Housing affordability continues its cyclical rise across the country, including in South Australia, according to a recent report.

The Housing Industry Australia (HIA) posted results from its HIA-Commonwealth Bank Housing Affordability Index on August 28, which showed that the nationwide index increased by 4.4 per cent to 72.8 in the June 2013 quarter.

This trend was also reflected in each capital city around Australia, with Adelaide reporting one of the highest cyclical rises in affordability.

The South Australian capital had the third highest rise in affordability in the June 2013 quarter, up by 7.7 per cent from the previous quarter.

Brisbane recorded the highest increase with 10.4 per cent, while Melbourne ranked the lowest with only a 2.2 per cent rise.

The regions outside the capitals also marked positive trends in affordability - for example, the rest of South Australia also posted a 7.7 per cent increase to match the rise in Adelaide.

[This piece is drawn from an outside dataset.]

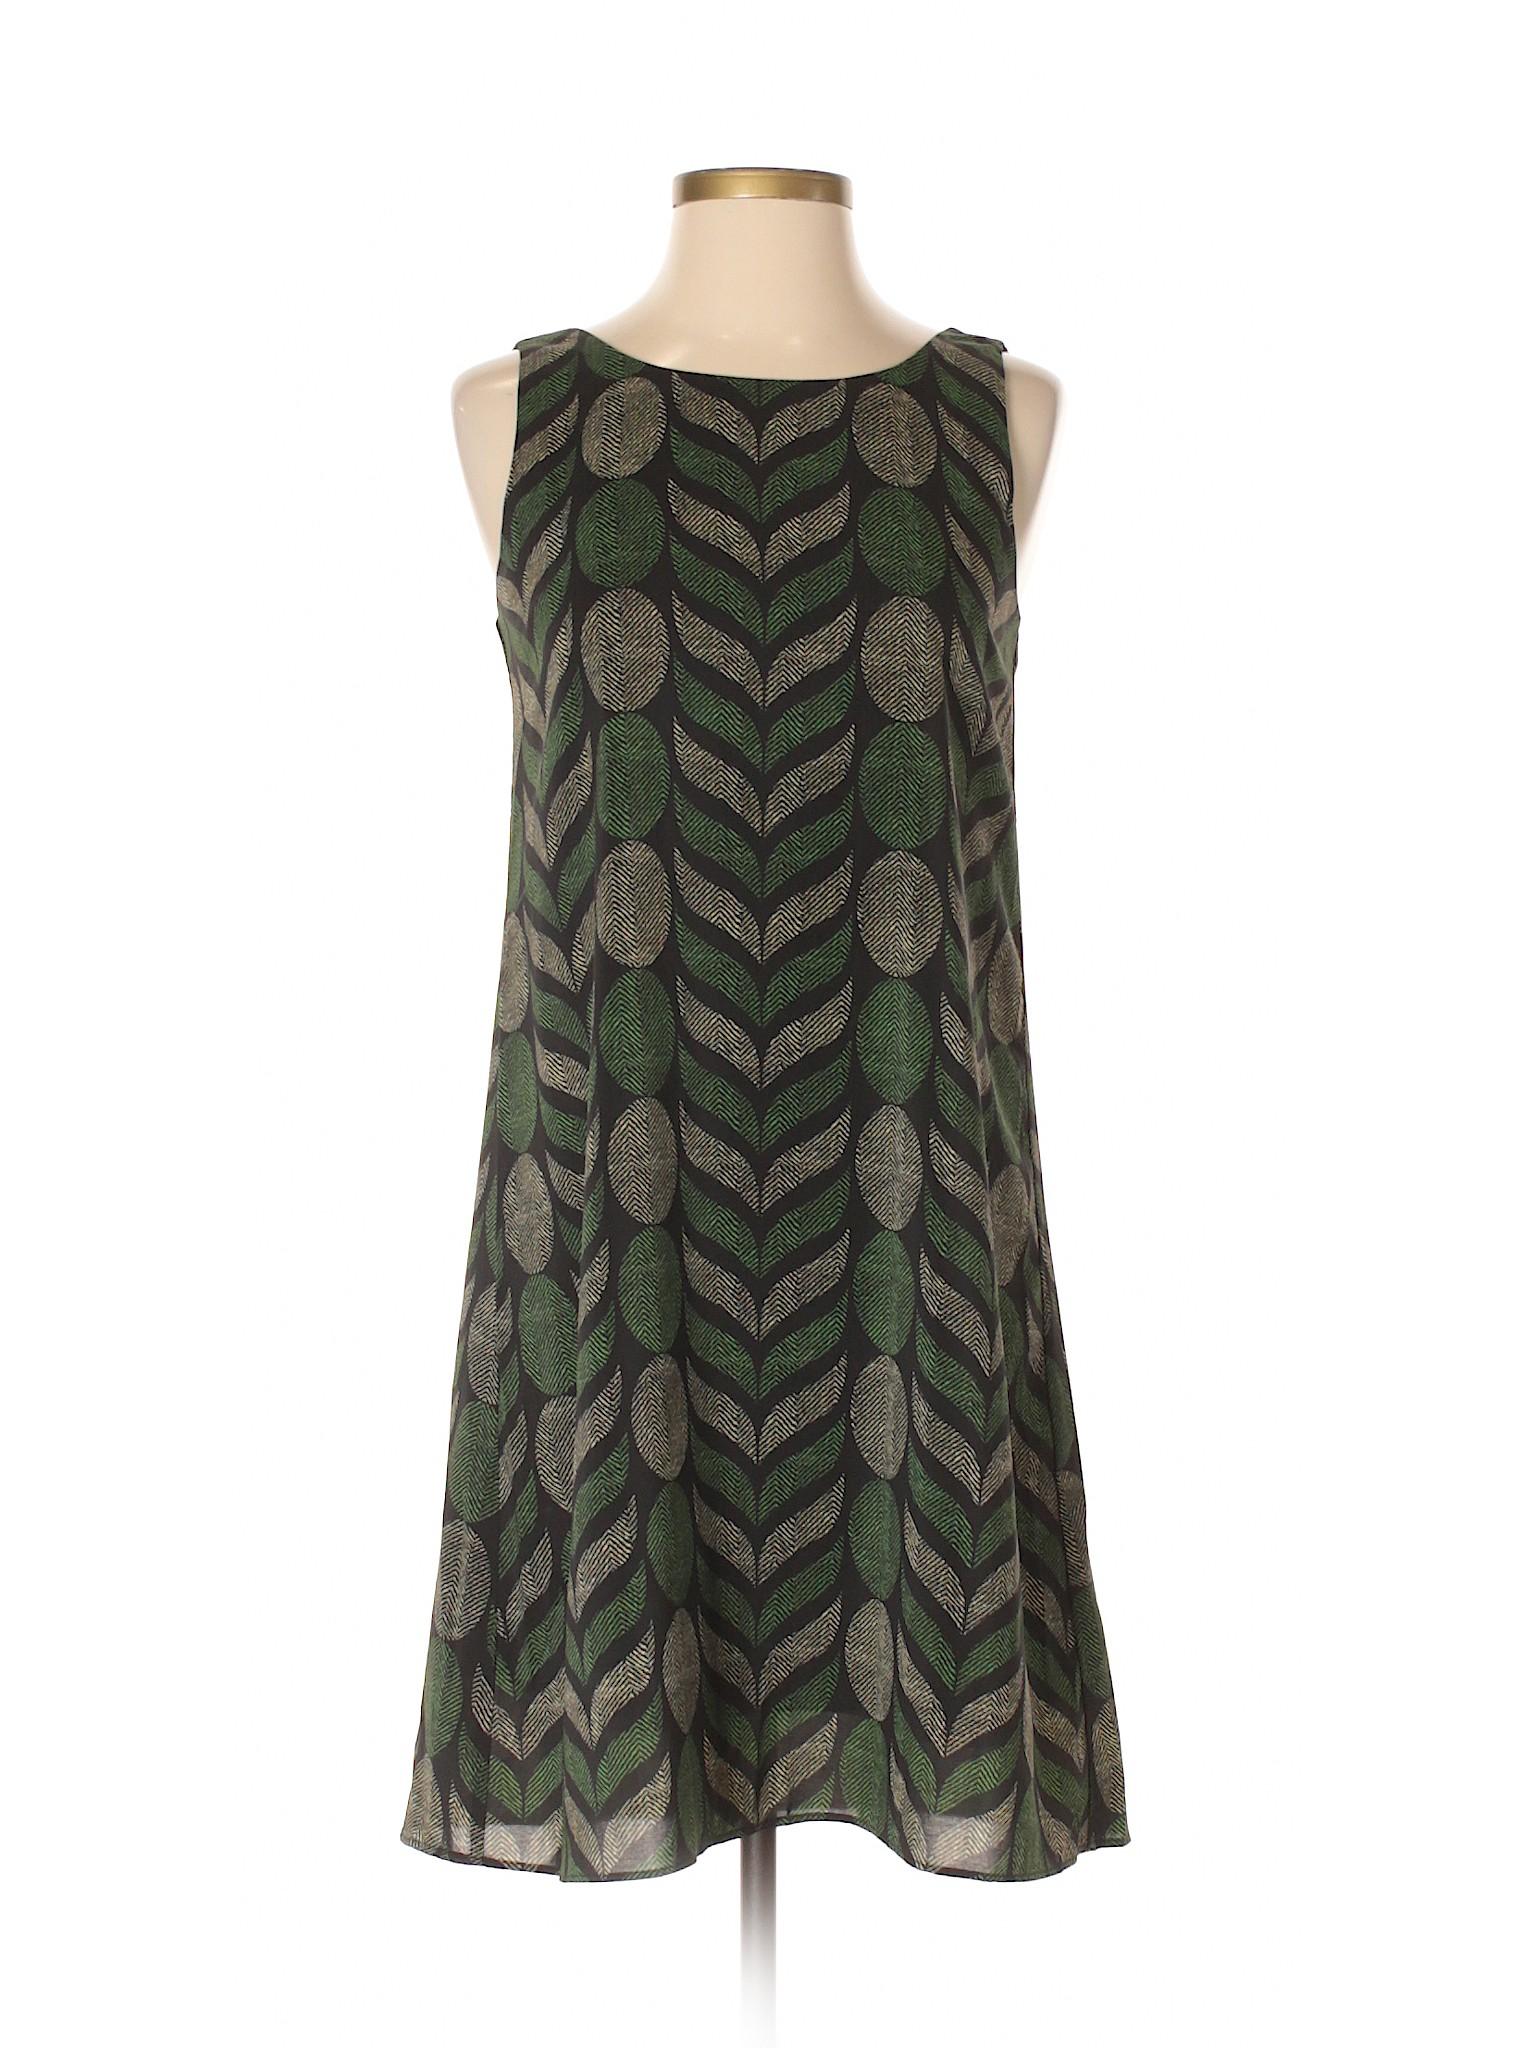 Philosophy Clothing Casual Selling Republic Dress Onwqx8qda4

Overall, Adelaide now ranks as the third most affordable housing market among the capitals with a level of 78.7.

Investors looking to take advantage of this seasonal peak in housing affordability may therefore wish to enter the property market now with the help of some solid real estate advice.

For those who are still a little unsure, they may be buoyed by the Australian Bureau of Statistics' (ABS) recent findings regarding housing costs across Australia.

The ABS found that the proportion of income spent on housing remained steady and on a par with previous years, for both private renters and owners with mortgages.

Homeowners with a mortgage spent an average of $432 per week on housing costs, which represented 18 per cent of their average gross weekly income, according to an ABS report released on August 28.

Private renters paid a similar amount on housing, with 20 per cent of their weekly income dedicated to this expense.